Wie bereits erwähnt, waren die Körper einer enormen Hitzeeinwirkung ausgesetzt, die zum vorliegenden Zustand geführt hat. Es ist uns nicht möglich, eine Identifizierung auf Grundlage dieser Rückstände wissenschaftlich fundiert vorzunehmen, zumal auch keine Gebissanalyse durchgeführt werden kann. Wir werden versuchen, in den folgenden Laboruntersuchungen weitere Erkenntnisse zu erlangen. Eines aber vorweg meine Herren. Machen Sie sich keine großen Hoffnungen. Zu neunundneunzig Prozent werden diese Untersuchungen erfolglos verlaufen.«

Die beiden Polizeikommissare betrachteten nachdenklich die kleinen Aschenhaufen in der Wanne.

»So oder so ähnlich haben wir uns das vorgestellt, Herr Professor. Zum Glück konnte persönlicher Schmuck sichergestellt werden, welcher eindeutig eine Identifizierung zulässt. Die zweite Person bleibt uns ein Rätsel, bislang zumindest.

Nach dem derzeitigen Stand handelte es sich bei dem Brand um einen Unglücksfall, verursacht durch eine Gasexplosion mit enormer nachfolgender Hitzeentwicklung, ausgelöst durch eine Art von Brandbeschleuniger. Auch hier ist eine Analyse bislang ergebnislos verlaufen.

Für uns wäre wichtig gewesen, die Identität beider Personen zweifelsfrei festzustellen. Vorerst vielen Dank für Ihre Bemühungen.

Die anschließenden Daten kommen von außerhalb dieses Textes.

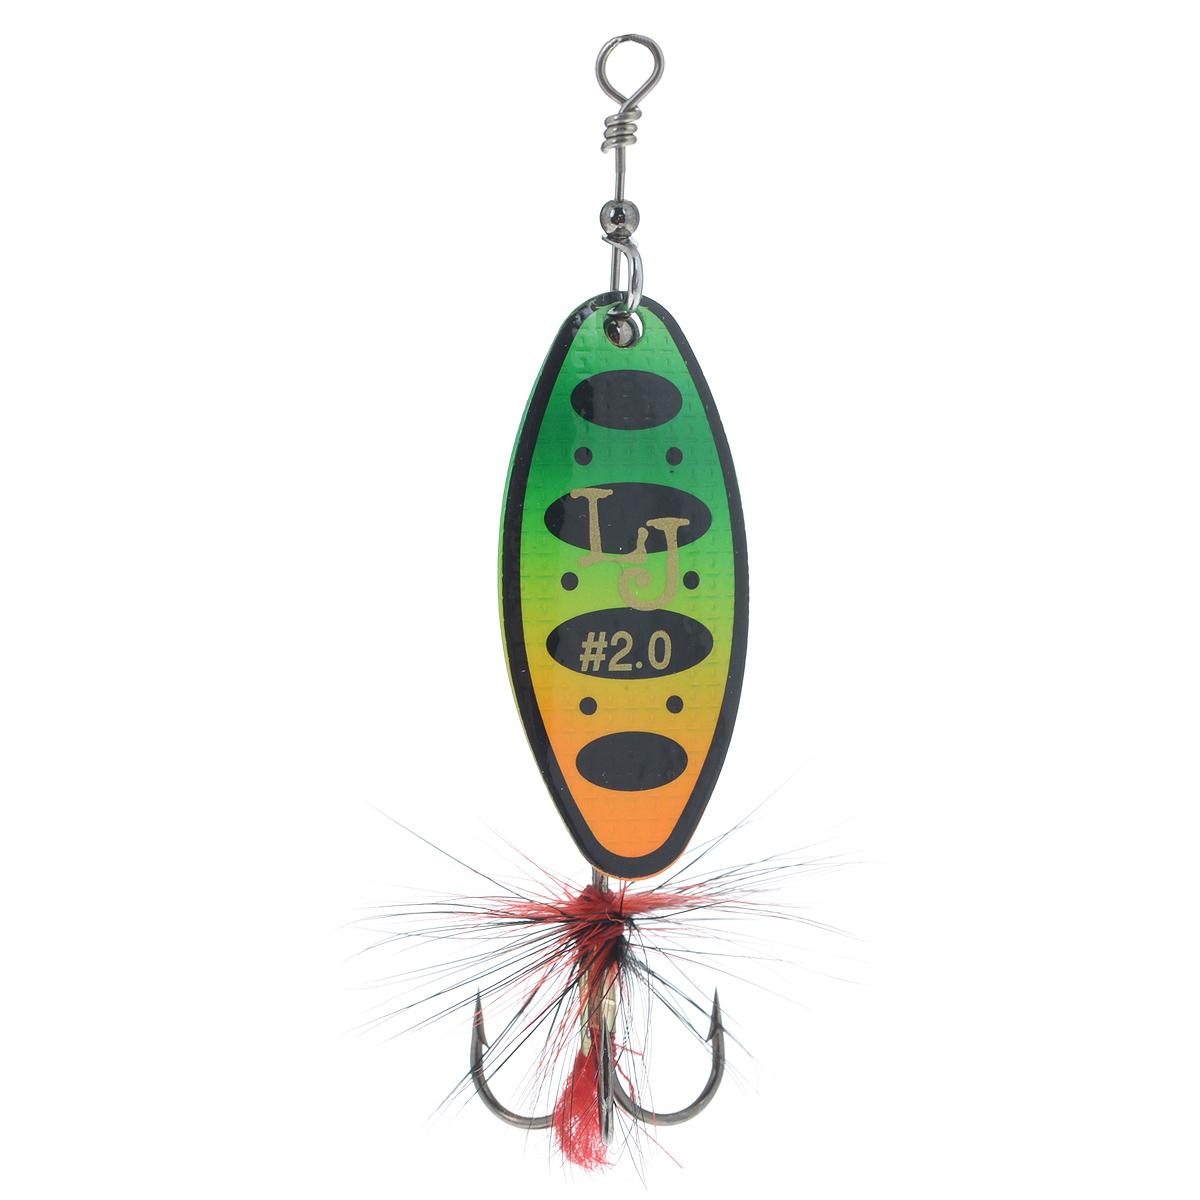 Блесна вращающаяся Lucky John Shelt Blade, цвет: зеленый, желтый, 9 гLJSB02-008Lucky John Shelt Blade - вращающаяся блесна с формой лепестка long. В этой приманке используются современные конструктивные решения, которые обеспечивают надежную и стабильную игру блесен, что делает их очень привлекательными для любой хищной рыбы. Главный элемент блесны - вращающийся лепесток. Он сделан из латуни и обладает хорошими динамическими показателями при вращении в воде, что позволяет делать проводку приманки на минимальной скорости. Лепесток заводится сразу, как только блесна начинает движение. Лепесток окрашен с двух сторон. С какой бы стороны хищная рыба не смотрела на приманку, ее расцветка остается одинаковой и привлекательной, что повышает интерес к блесне и, в итоге, приводит к результативной атаке. Немаловажная деталь - сердечник приманки, от которого зависит вес и дальнобойность приманки, а также ее устойчивость в воде. На тройнике связана яркая мушка, основное предназначение которой - снять последние сомнения у приготовившейся к атаке...
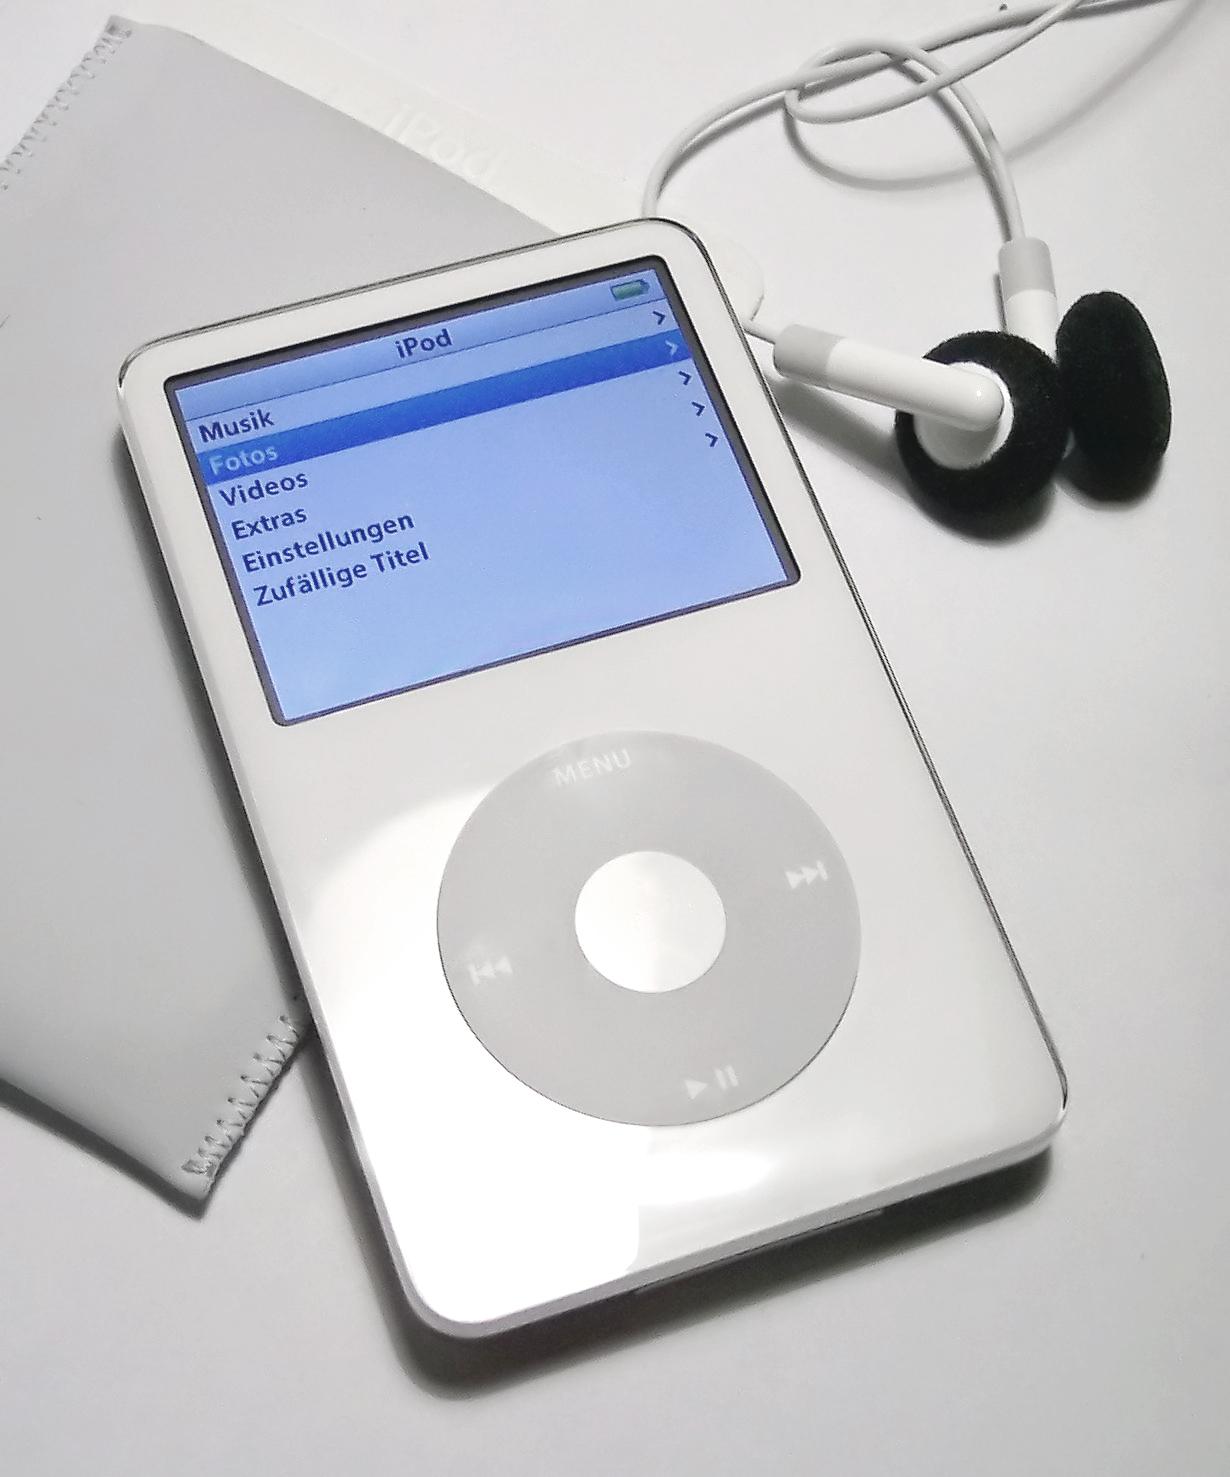 sprzęt do słuchania audiobooków

Die Unfalltheorie ist so gut wie sicher, der Fall wird nach Vorliegen der abschließenden Laborergebnisse als erledigt abgelegt werden. Einen schönen Tag noch.«

Durch das hohe Sprossenfenster beobachtete Prof. Dr. Schropper die beiden Männer, die im dunklen Dienstwagen das Areal verließen.

Er griff zu einem altmodisch wirkenden Standtelefon, wählte und wartete auf die Verbindung.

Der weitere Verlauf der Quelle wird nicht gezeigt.